Kasus ini berawal dari kerja sama antara PT Tirto Alam Cindo (PT TAC) dan PT Anugrah Pratama Inspirasi (PT API) milik Agusrin sejak 2017. Keduanya kemudian membentuk perusahaan patungan PT Citra Karya Inspirasi (PT CKI). Namun kemitraan itu pecah pada 2019, ditandai munculnya persoalan internal yang dianggap menghambat operasional.
Kuasa hukum PT TAC, Imam Nugroho, menyebut masalah mulai meruncing saat pembahasan jual beli saham.
“Setelah dua tahun berjalan, muncul banyak persoalan dalam PT CKI. Klien kami mencoba menyelesaikan secara baik-baik,” kata Imam.
PT TAC akhirnya sepakat melepas sahamnya senilai Rp33,3 miliar kepada PT API. Menurut Imam, Agusrin menyatakan keseriusan lewat pembayaran awal Rp2,5 miliar dan Rp4,7 miliar, plus dua cek BNI senilai total Rp30,5 miliar.
“Pembayaran sisanya menggunakan dua cek. Tapi saat dicairkan, cek itu kosong,” tegas Imam.
Ketika dua cek tersebut tak bisa dicairkan, Direktur PT TAC Tiana mengambil langkah hukum.
“Kami merasa dirugikan. Itu sebabnya laporan dibuat,” ujar Tiana singkat.

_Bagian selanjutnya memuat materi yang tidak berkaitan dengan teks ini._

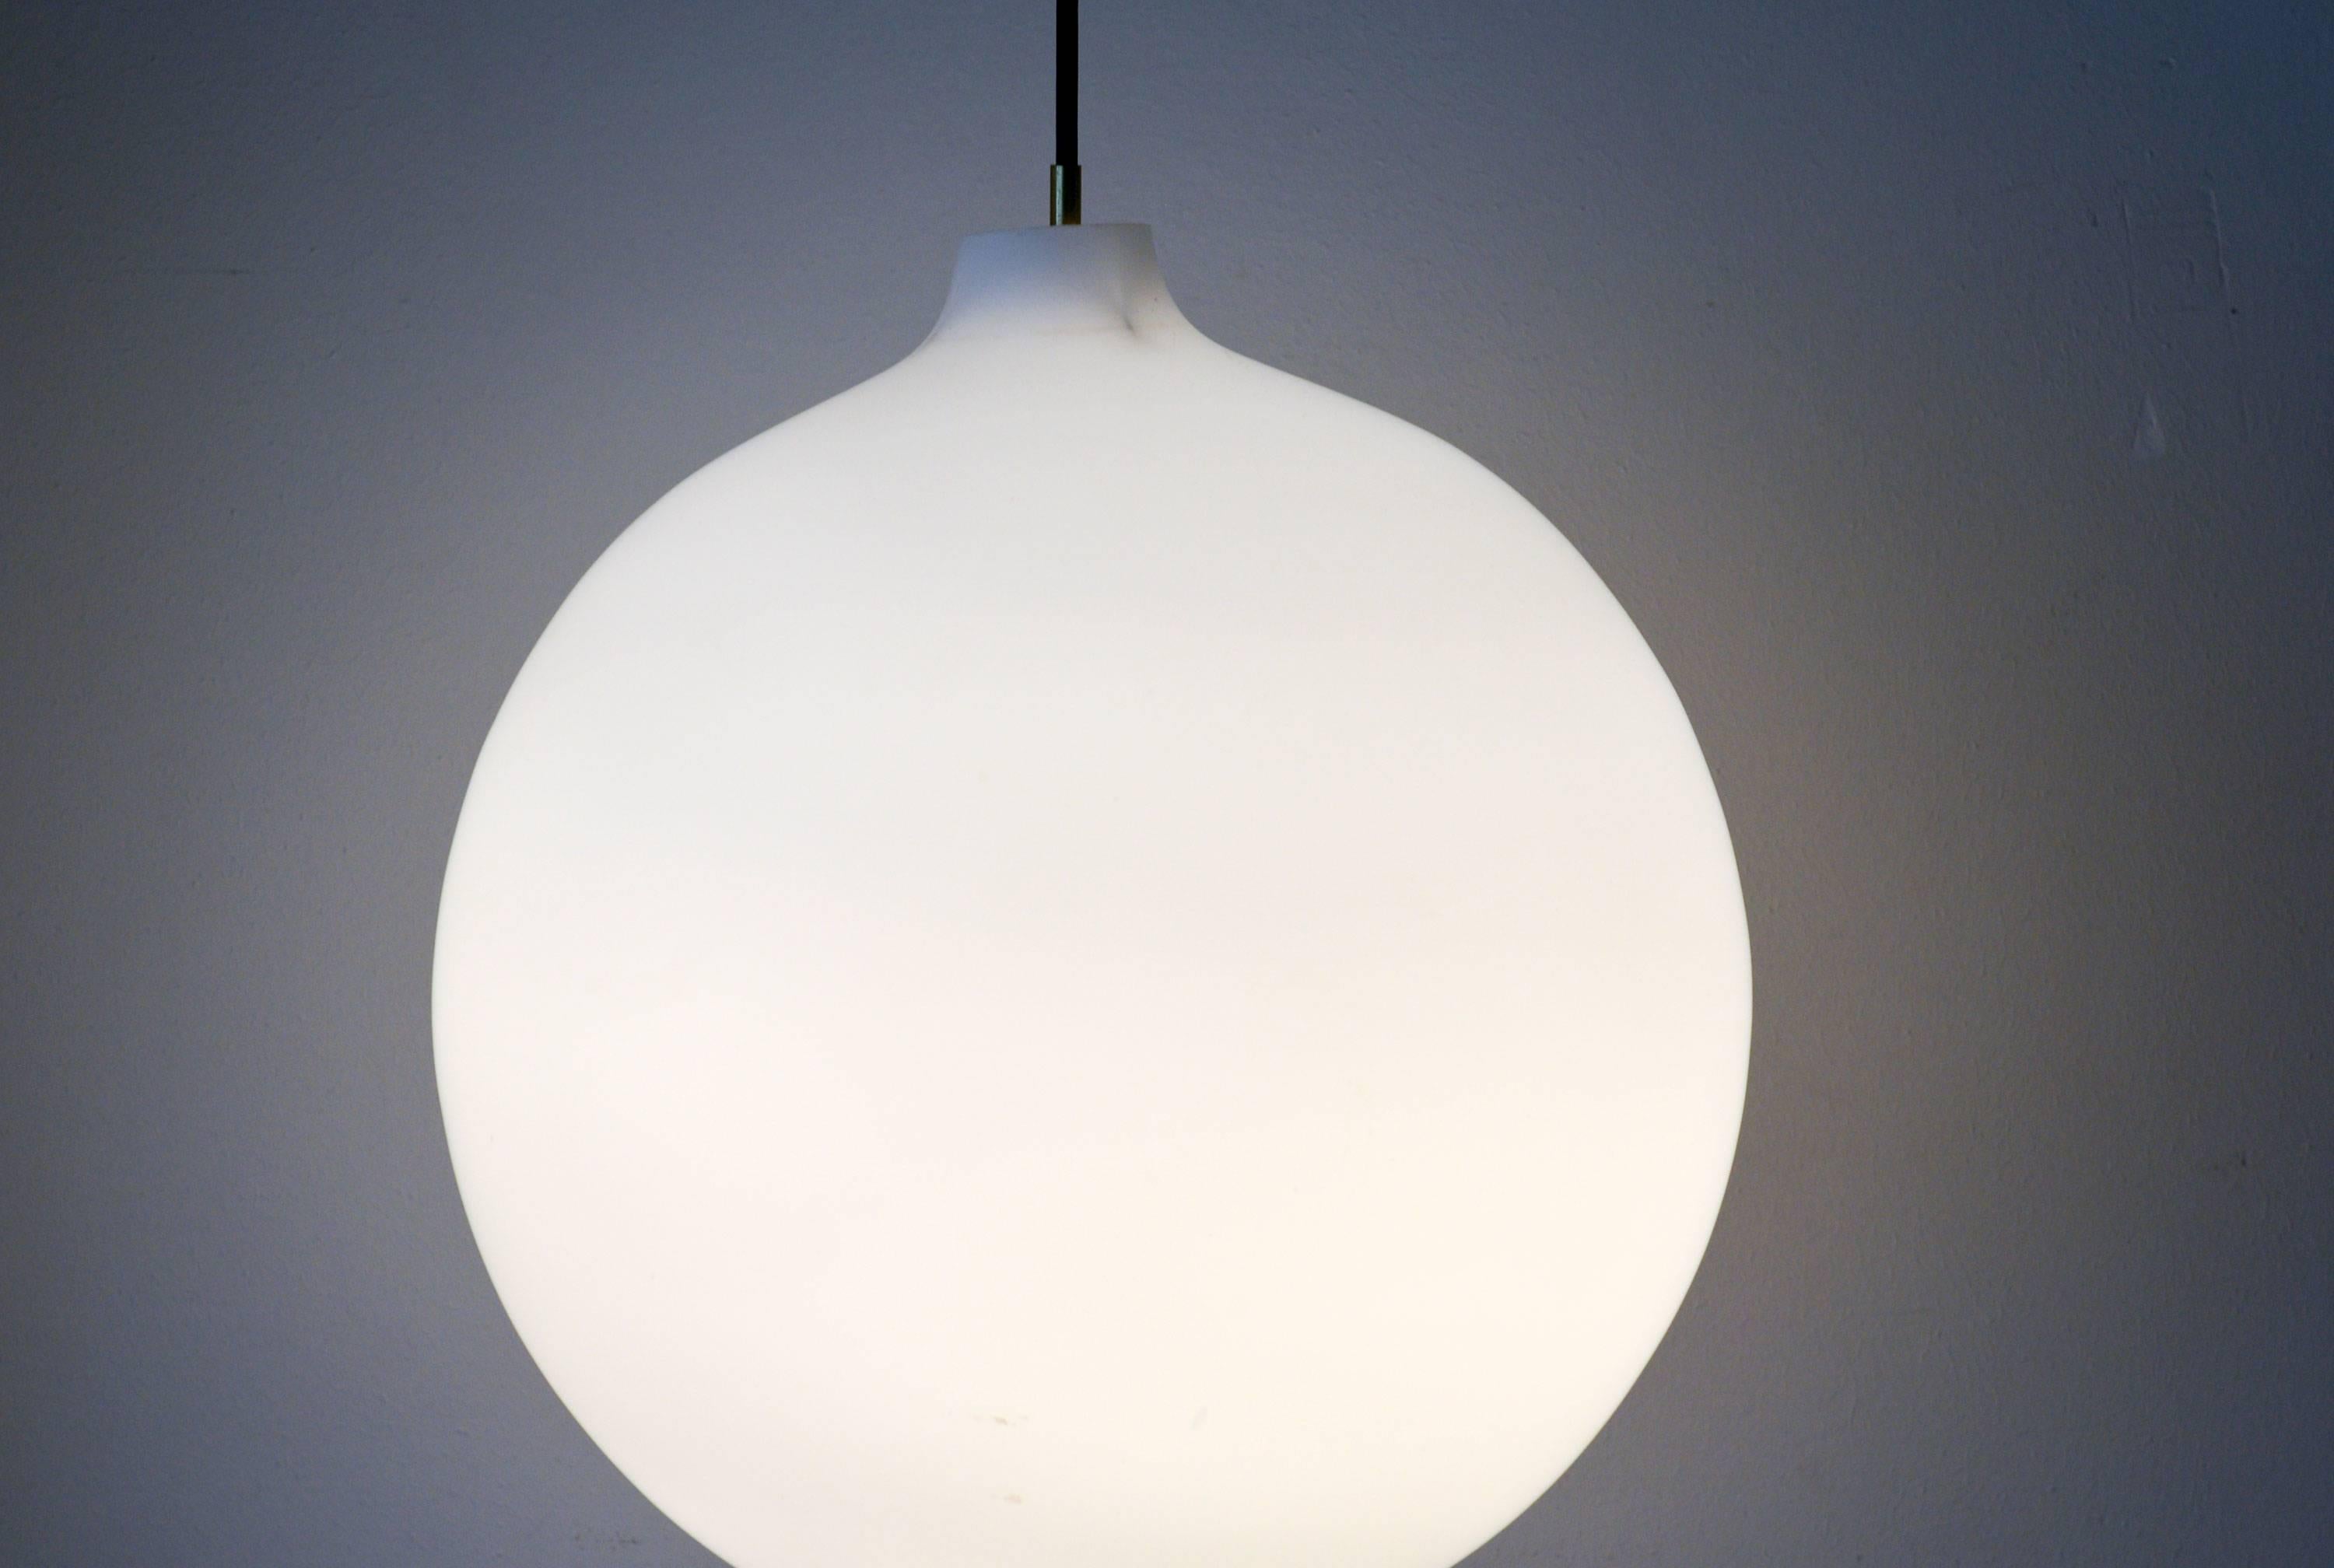 Satellite lamp by Vilhelm Wohlert for Louis Poulsen,
Denmark, 1950.
This is the vintage big version with a diameter of 40 by 42 cm.
White glass ball with an elegant brass stem that holds the socket and conceals the wire.
The glass shade gives an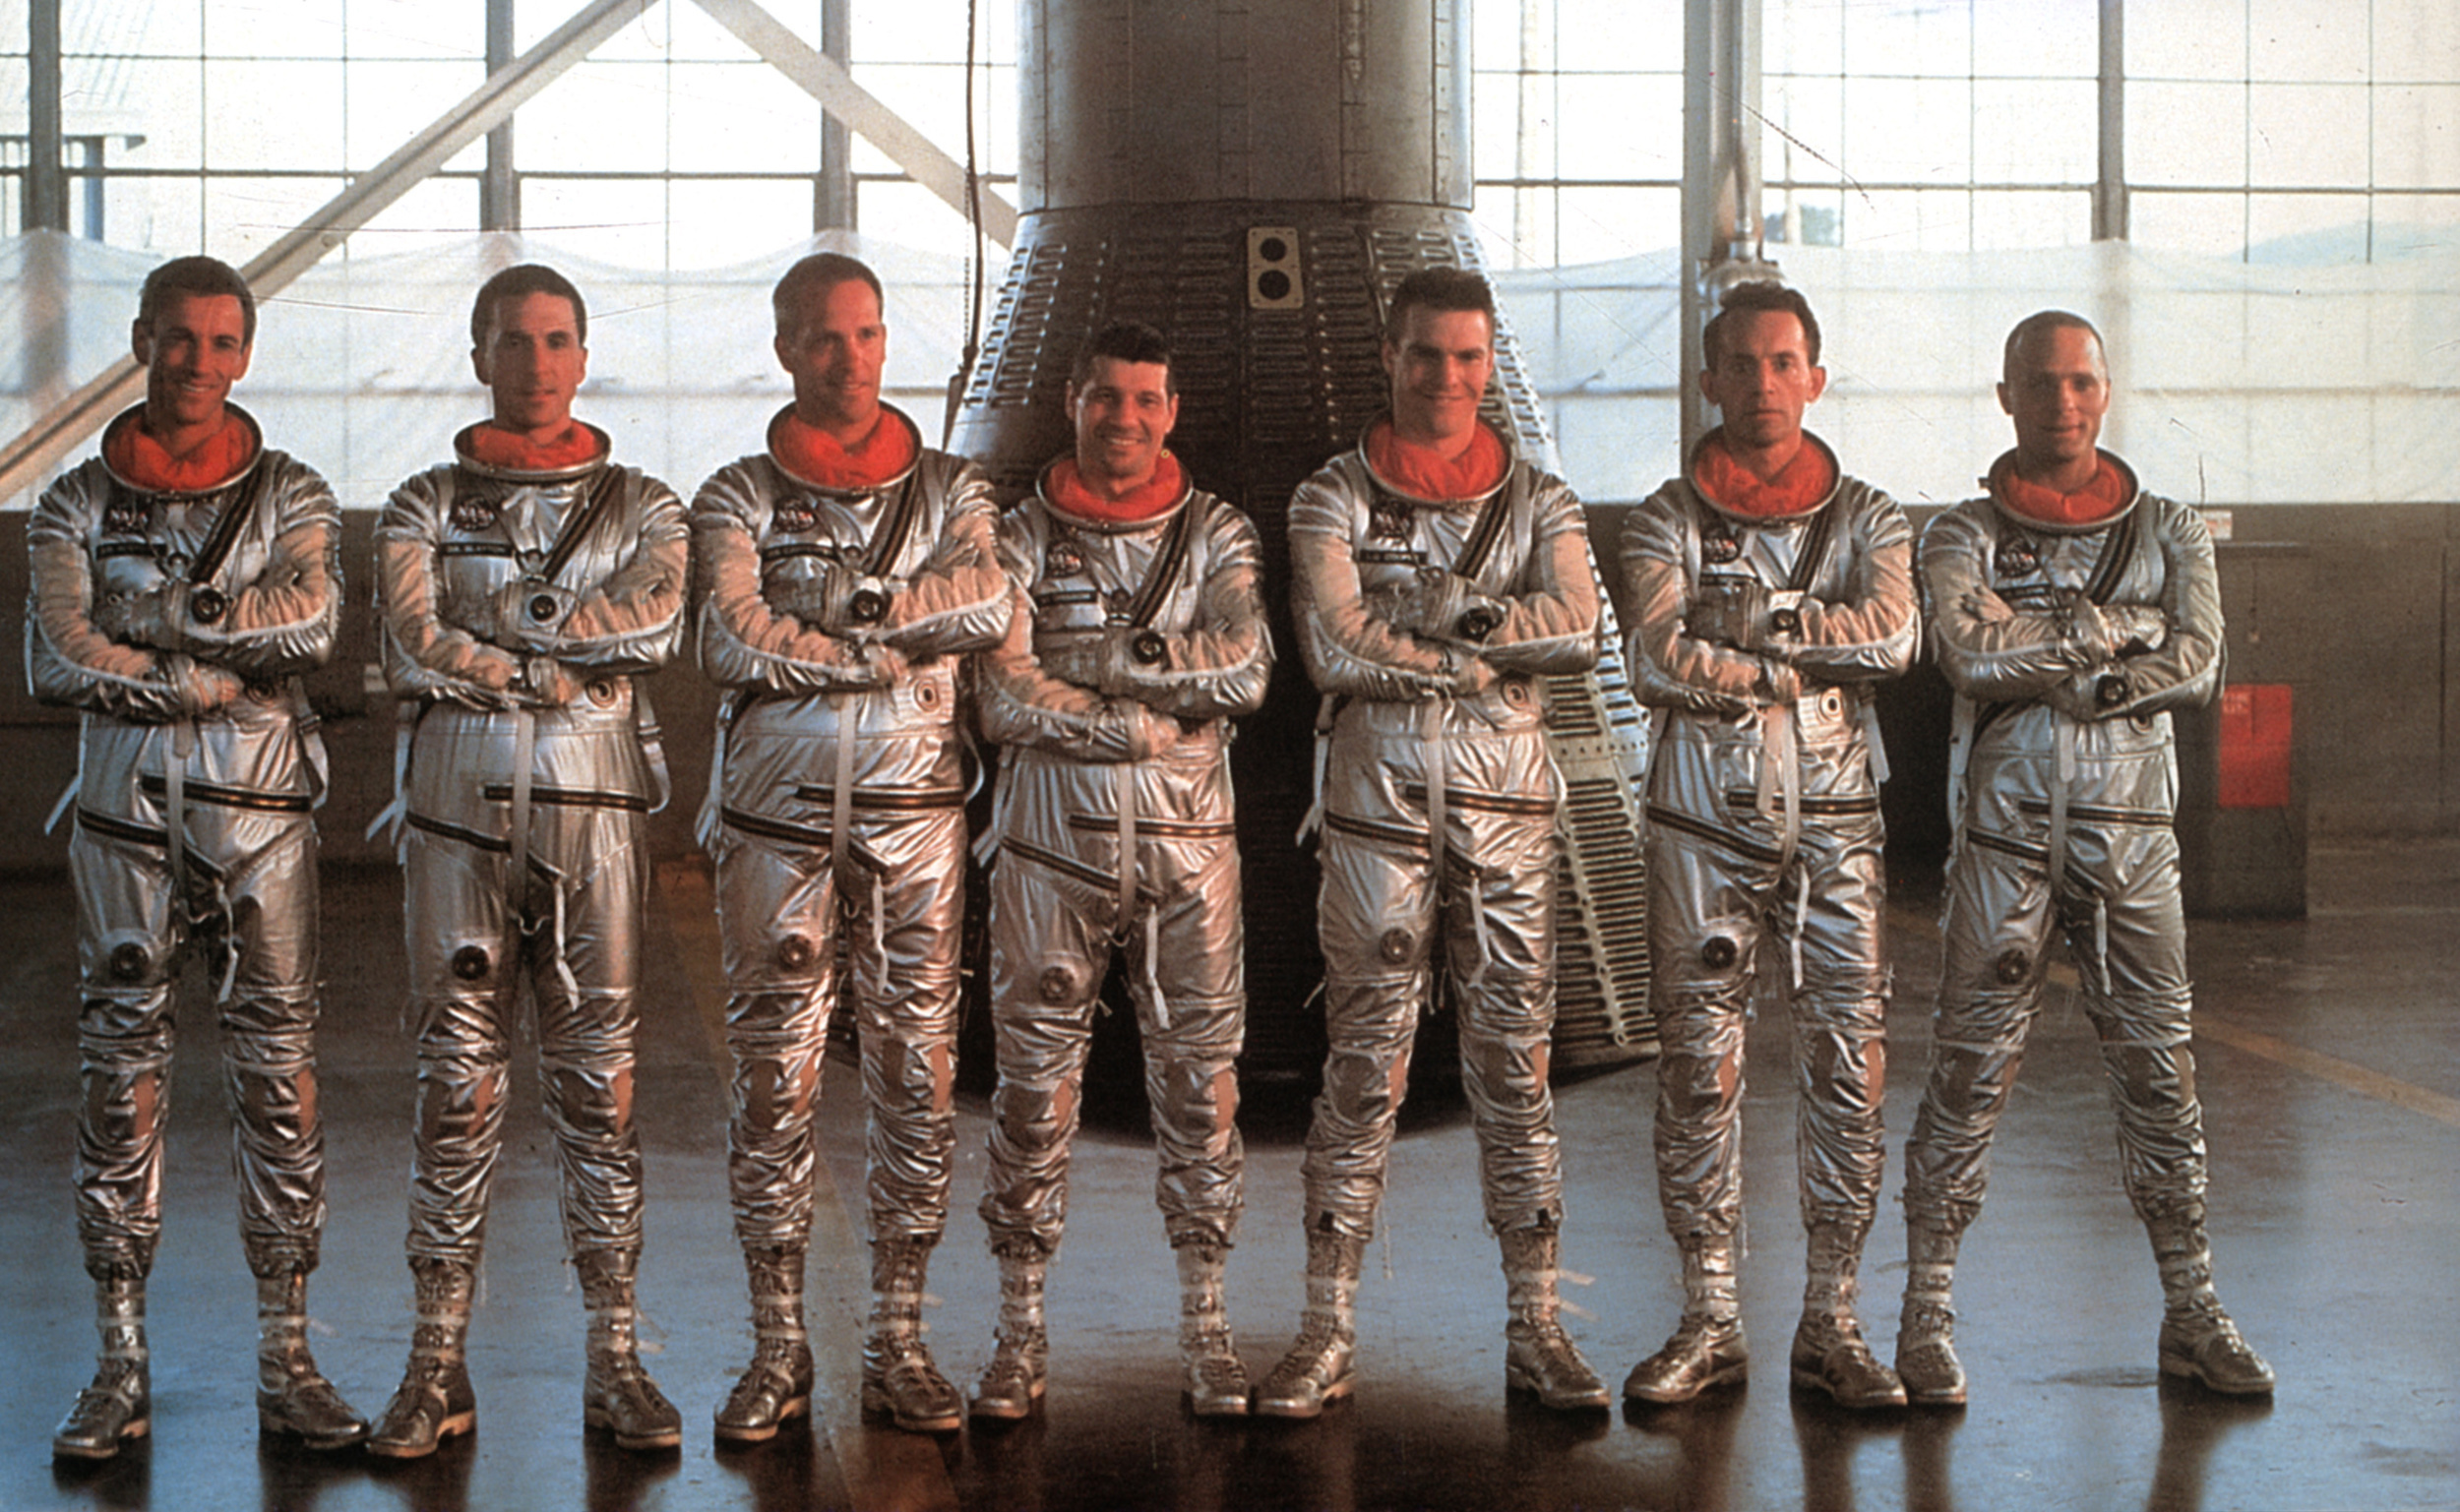 <p>Remember when America’s can-do swagger was backed up by selfless action from people with unique expertise? Philip Kaufman’s adaptation of Tom Wolfe’s New Journalism masterpiece about the early days of the United States space program centers on the Mercury Seven astronauts (played by an assortment of character actors and soon-to-be stars) and the fading glory of test pilot Chuck Yeager (Sam Shepard). It’s an inspiring, often raucously funny movie that zips through its 193-minute runtime with Mach 3 velocity. You’ll savor every second.</p><p><a href='https://www.msn.com/en-us/community/channel/vid-cj9pqbr0vn9in2b6ddcd8sfgpfq6x6utp44fssrv6mc2gtybw0us'>Follow us on MSN to see more of our exclusive entertainment content.</a></p>

Laporan resmi masuk ke Polda Metro Jaya pada 17 Maret 2020. Proses penyidikan berjalan hingga akhirnya penyidik menetapkan Agusrin dan Raden Saleh sebagai tersangka. Pada 14 Mei 2025, Kejati DKI menyatakan berkas perkara P-21 atau telah lengkap.
Namun ketika dipanggil untuk pelimpahan tahap II, keduanya tak pernah hadir.
Pada 14 Oktober 2025, Ditreskrimsus Polda Metro Jaya menerbitkan surat Daftar Pencarian Orang (DPO):
Agusrin: DPO/130/X/RES.2.1/2025
Raden Saleh: DPO/131/X/RES.2.1/2025
Kabidhumas Polda Metro Jaya, Kombes Pol Budi Hermanto (Budher) menegaskan bahwa langkah DPO memang telah ditempuh.
“Benar, DPO sudah terbit. Berkas sudah P-21, tinggal pelimpahan tersangka dan barang bukti,” kata Budher, Kamis (4/12/2025).
Sementara kuasa hukum Raden Saleh belum memberikan tanggapan, polisi menegaskan keduanya kini resmi diburu.